**THE PROBLEM**
Skip all pictures. Set down only the lines starting at the line containing "Europe - Asia Obelisk, Ekaterinburg" and running to the end of the listing.

[Opening PROVIDED MATERIAL section]

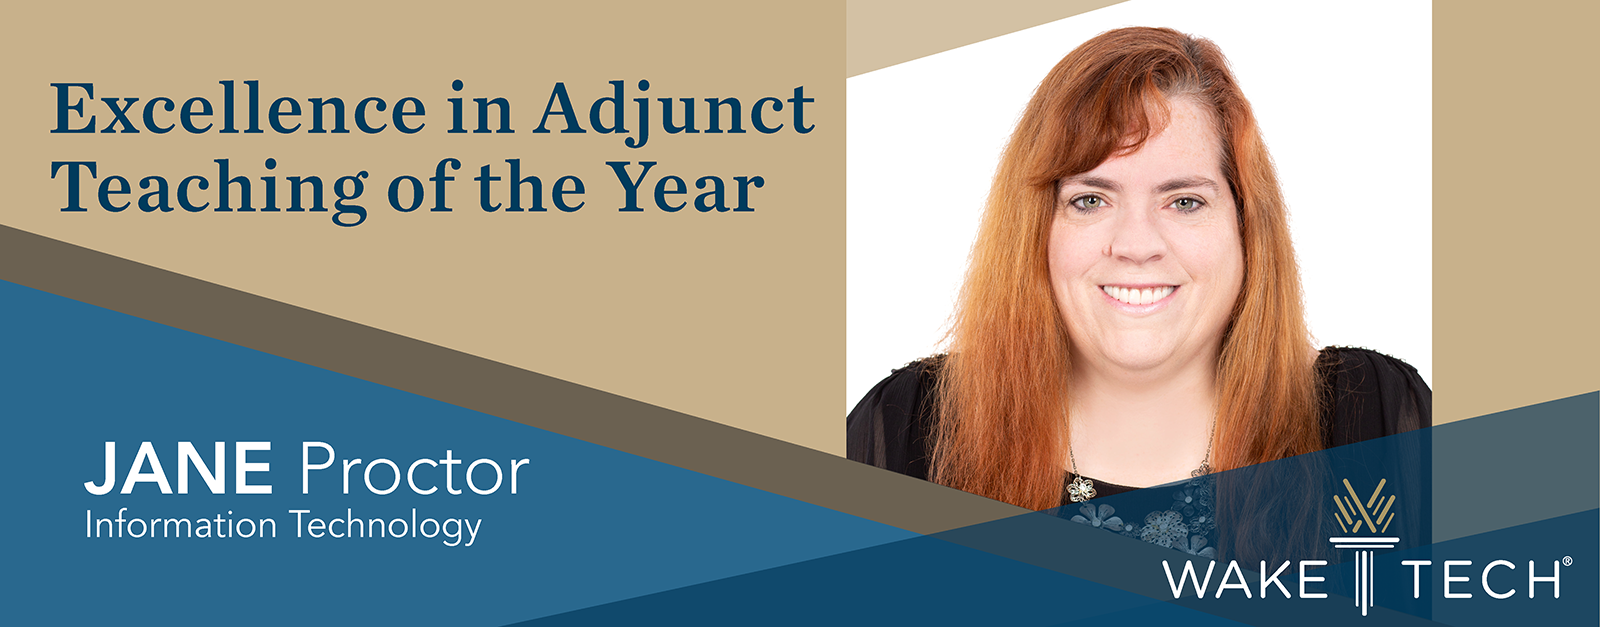 Jane Proctor - Adjunct Excellence in Teaching 
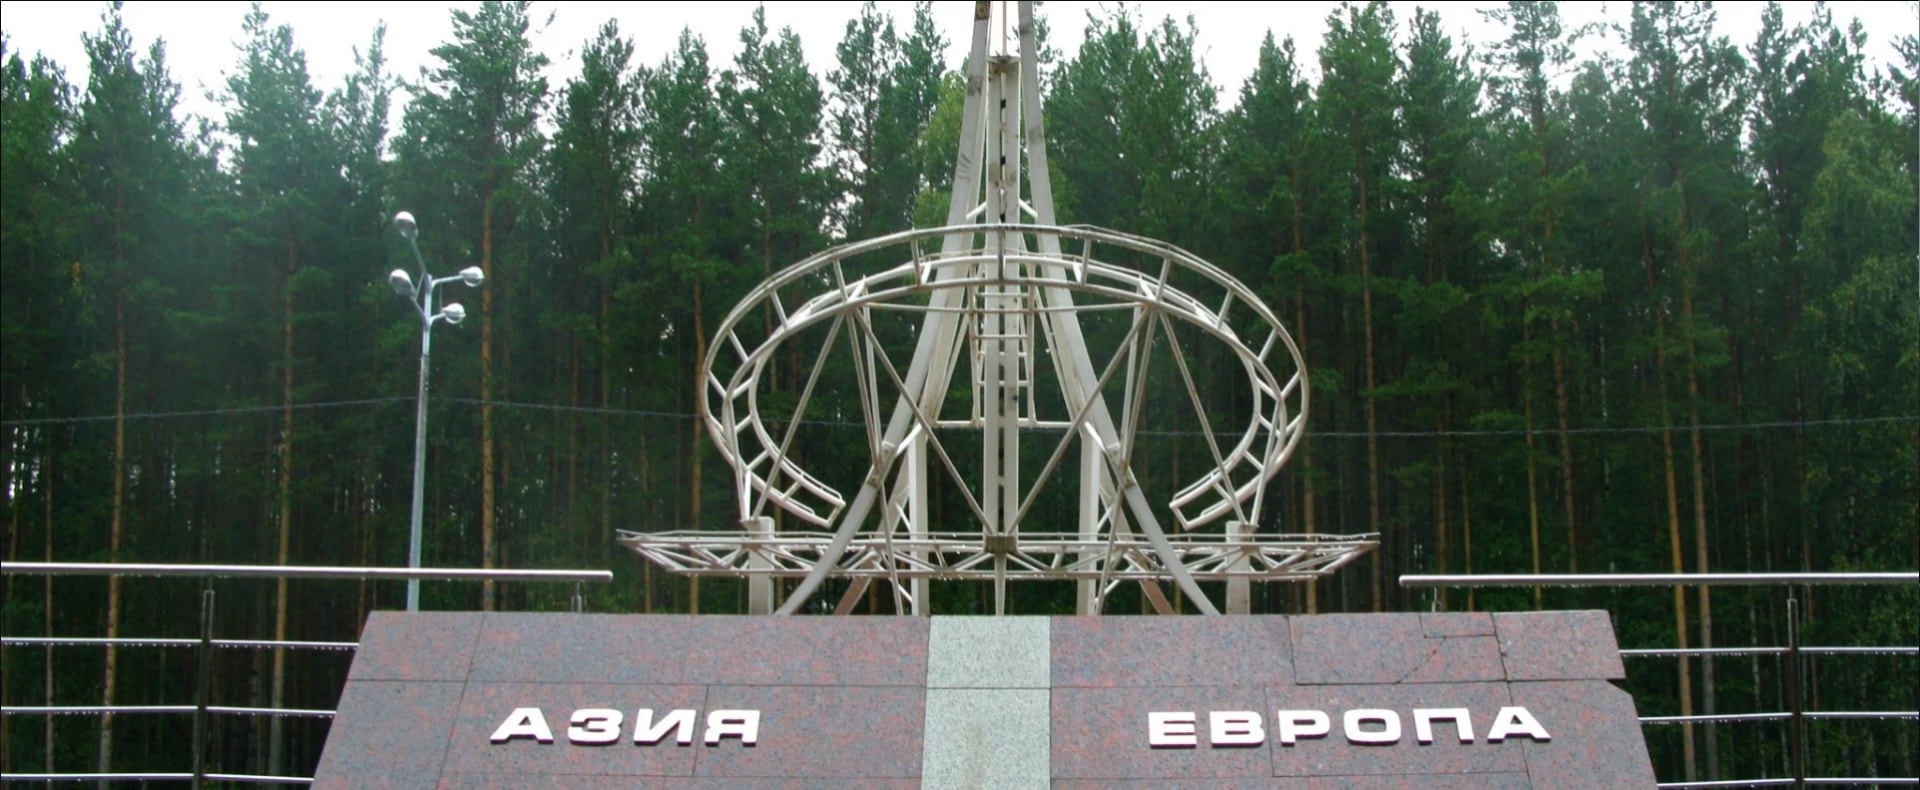 Europe - Asia Obelisk, Ekaterinburg
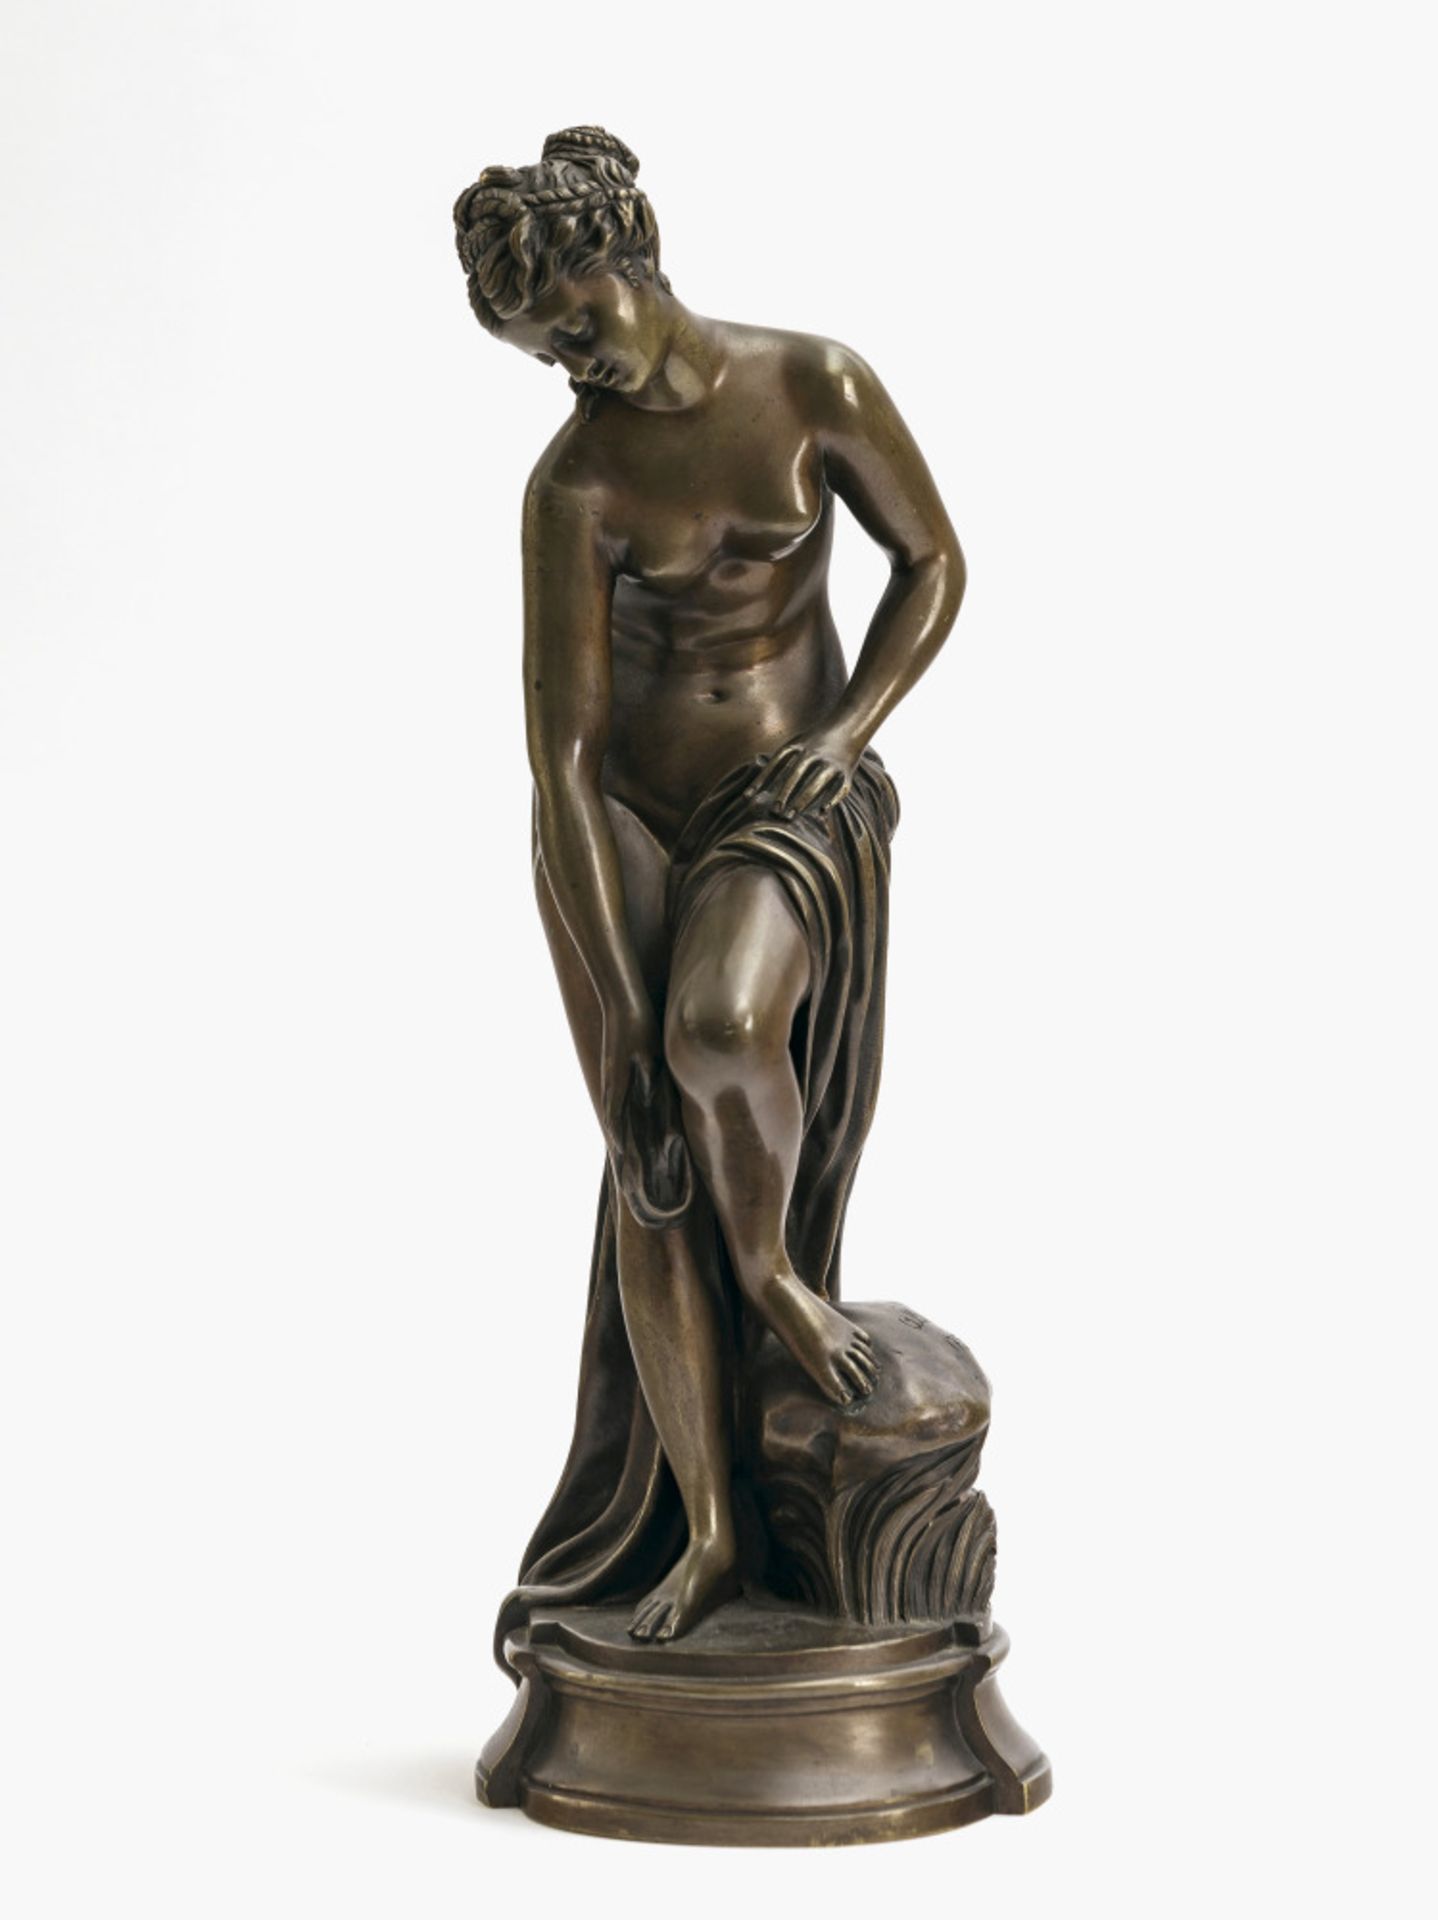 Bathing woman - Later cast after Christophe-Gabriel Allegrain (1710-1795) 
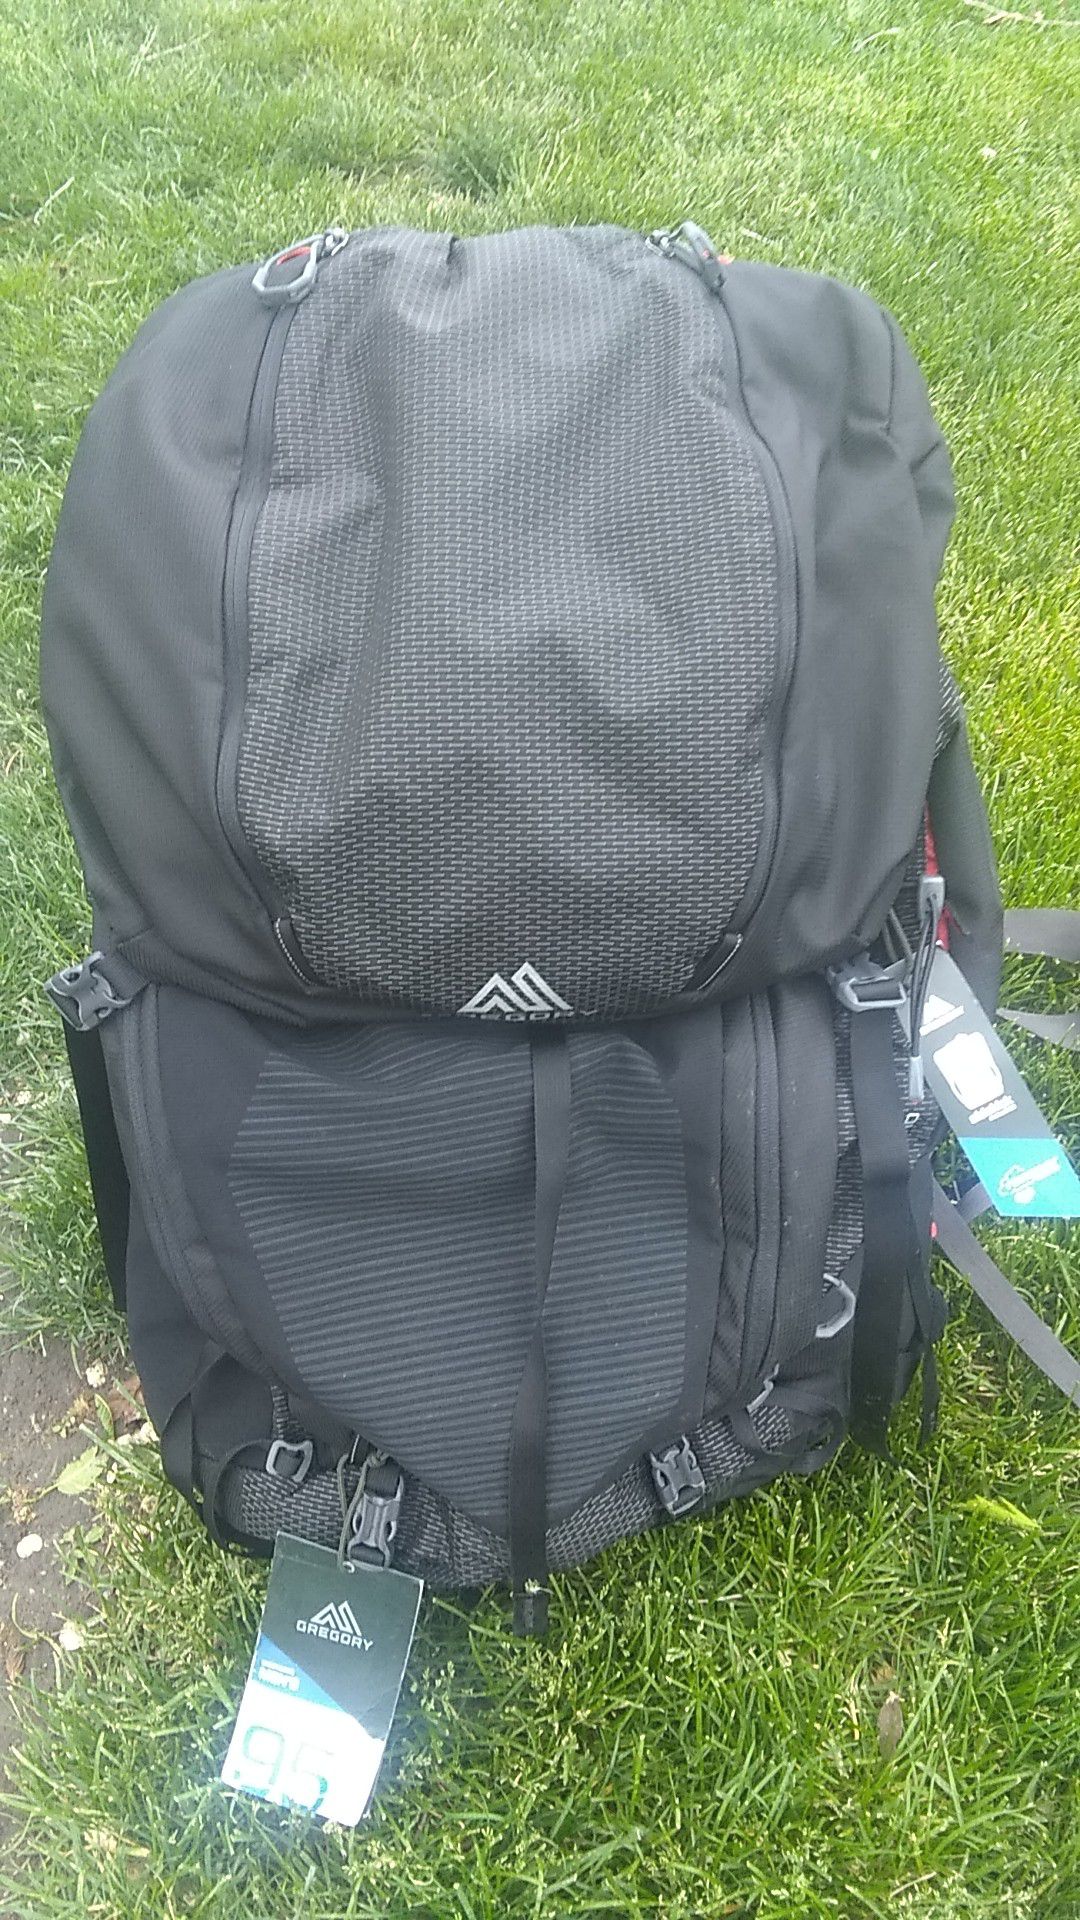 Gregory baltoro 95 hiking backpack

[Closing PROVIDED MATERIAL section]

**ANSWER BOX**
 Europe - Asia Obelisk, Ekaterinburg
 Bathing woman - Later cast after Christophe-Gabriel Allegrain (1710-1795) 
 Gregory baltoro 95 hiking backpack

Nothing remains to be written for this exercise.